Black Friday (2004)
9/10
Well worth seeing...and based on a true event
28 June 2017
Warning: Spoilers
This film begins with the famous Gandhi quote "An eye for an eye only ends up making the whole world blind".

In 1993, a series of 12 bombs went off during Ramadan all over Mumbai (Bombay) which killed 257 people (thought the film often says it's 300 plus). This film is about this event as well as the subsequent police investigation of it. It's all based on true events but is rather critical of the police, and as a result the film was banned in India for two years before the government eventually allowed its release.

The film begins with a man under arrest pleading for the police to believe him that a group was planning on burning the Mumbai Stock Exchange. Foolishly, the police just dismiss this and soon you see bombs detonating all over the city. All this occurs in the first few minutes of the film and what follows is a step by step documentary style investigation. How the police captured and interrogated suspects (and tortured them in some), how the mastermind of the bombings abandoned his minions and how the events are all in context, as this springs from previous attacks in which hundreds of Muslims were murdered--and this makes the quote from Gandhi at the beginning of the film quite appropriate.

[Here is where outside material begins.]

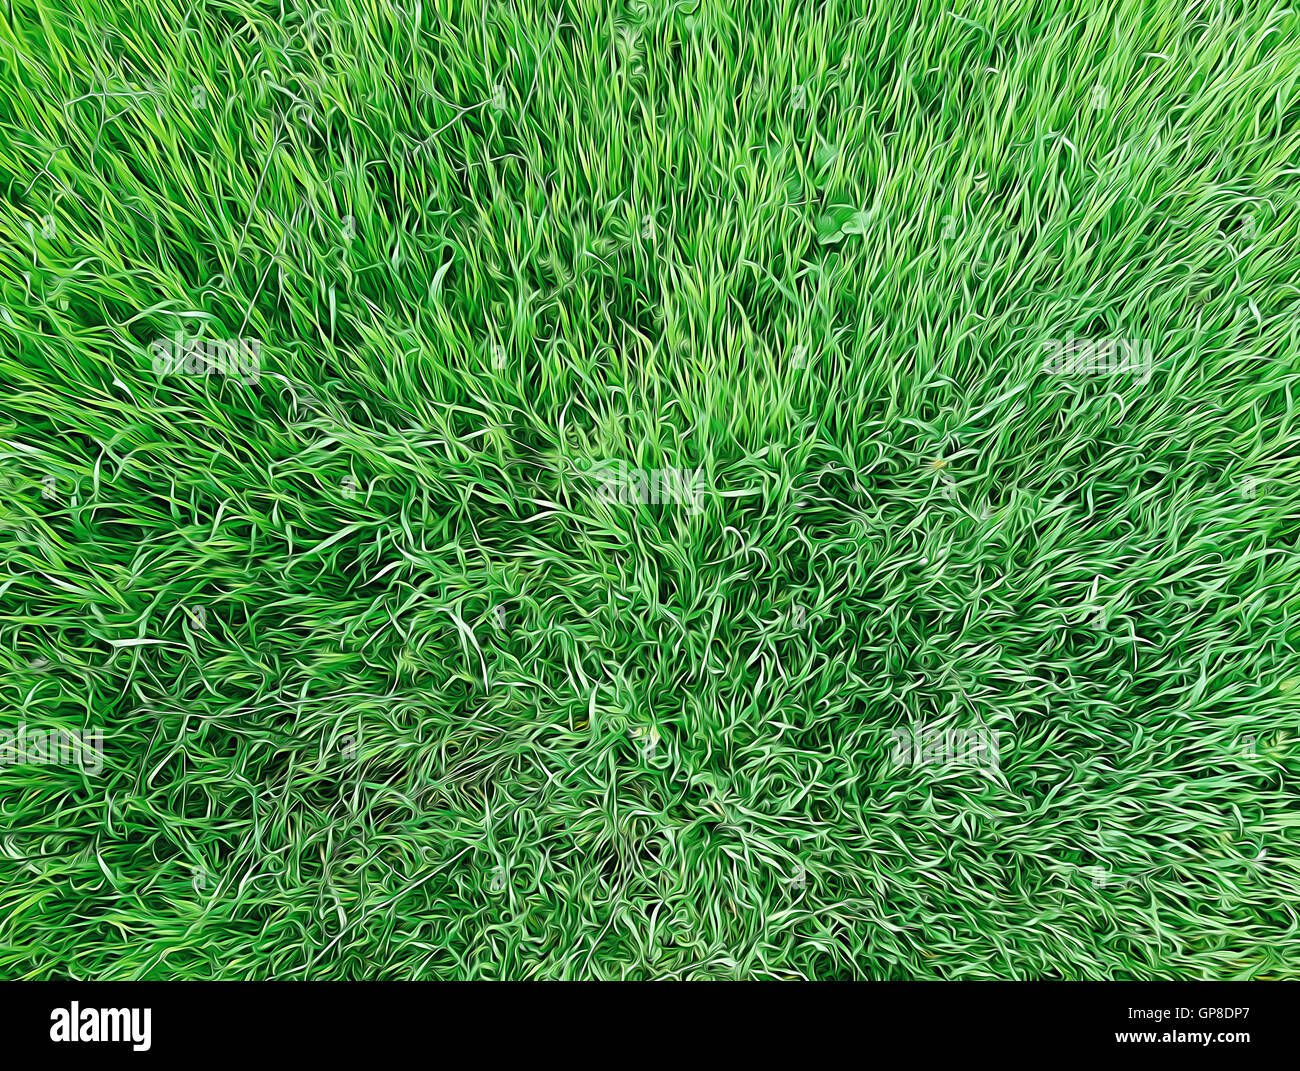 Green grass lawn background Stock Photo

Overall, this is a very hard film to watch in places (such as the scene where the police use a hammer on one suspect's hand) but is also very well made and unflinching. And, unlike a typical Bollywood film, it lacks the song and dance numbers and just concentrates on telling the story.

By the way, I did some checking and as of today, one ringleader was arrested and sentenced to death (he was executed two years ago). Two main ringleaders are still being sought by the Indian government.